13. Indemnification. In light of the modifications set forth in this Amendment relating to the Parties’ respective economic benefits from the sale of Product in the United States during the U.S. Abilify Extension Term and to the JCC tie-breaking vote, BMS and Otsuka hereby agree to amend the following indemnification obligations under the Restated Agreement.

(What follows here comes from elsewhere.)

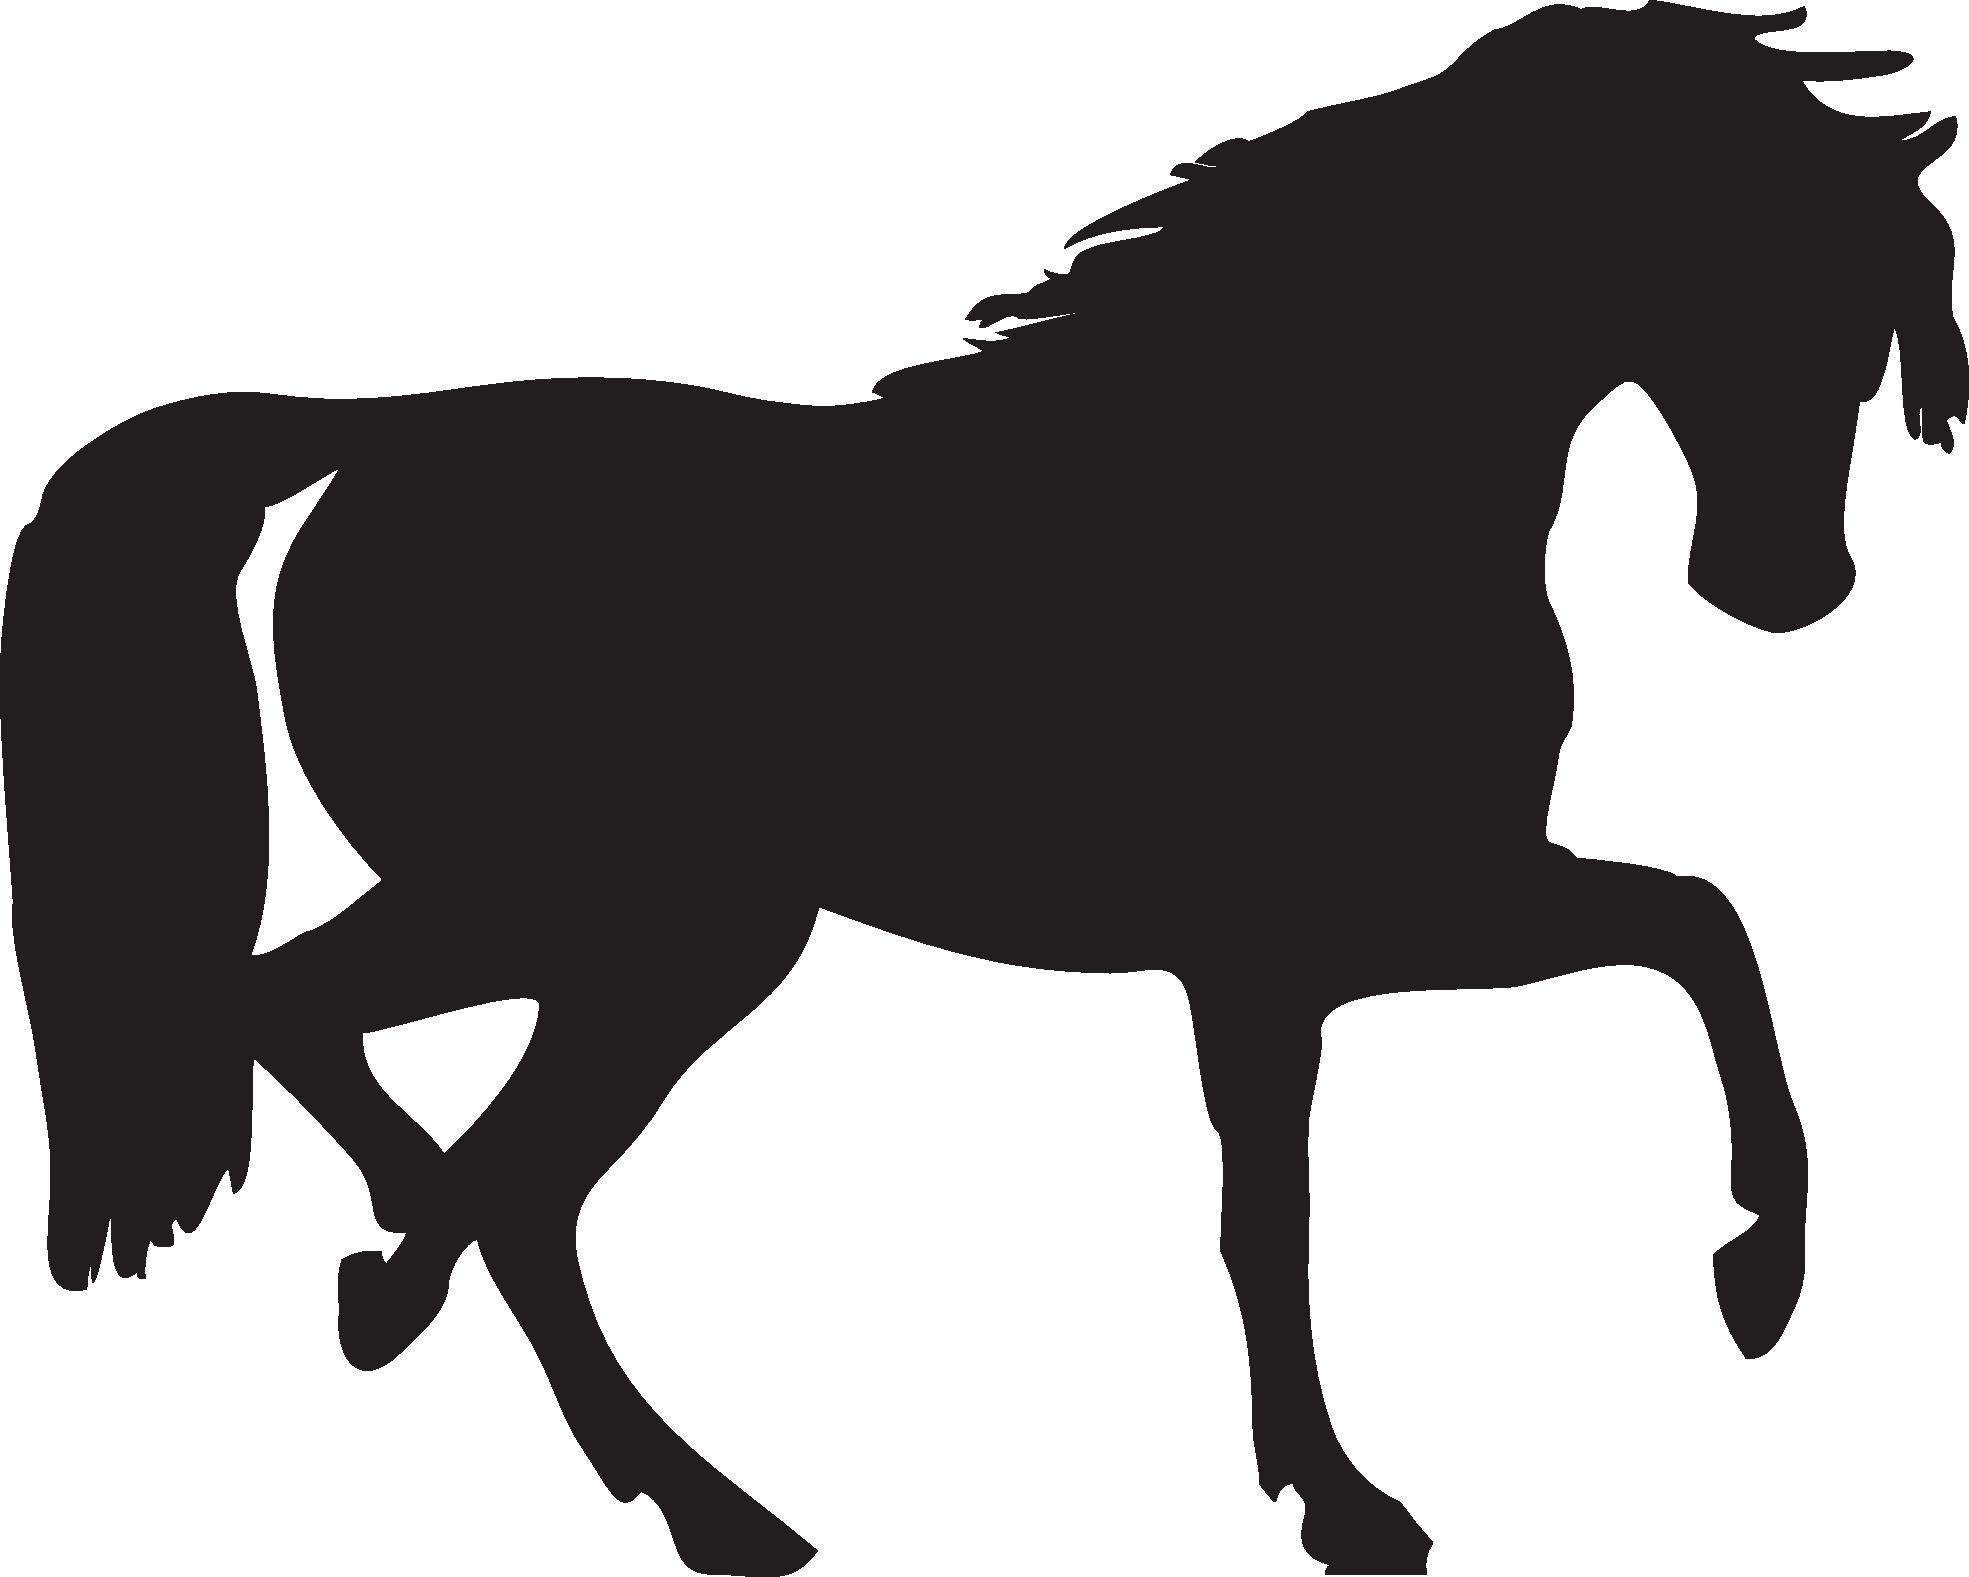 Horse clipart equine. Black siluete png image

(a) The Parties hereby agree that Section 11.2 of the Restated Agreement is hereby amended to provide that, as of January 1, 2013, Otsuka shall indemnify BMS, its Affiliates and their respective directors, officers, employees and agents, and defend and save each of them harmless, from and against any and all Losses to the extent that they arise from or occur as a result of the implementation after January 1, 2013, of those decisions of the JCC as to which Otsuka has exercised its tie-breaking vote; provided that if such Losses result not from the decisions of the JCC as to which Otsuka has exercised its tie-breaking vote, but from the implementation of those decisions, then the Party whose obligation it was to implement the decision(s), and whose manner of implementing or failure to implement resulted in the Losses, shall bear such Losses and shall indemnify the other Party therefor.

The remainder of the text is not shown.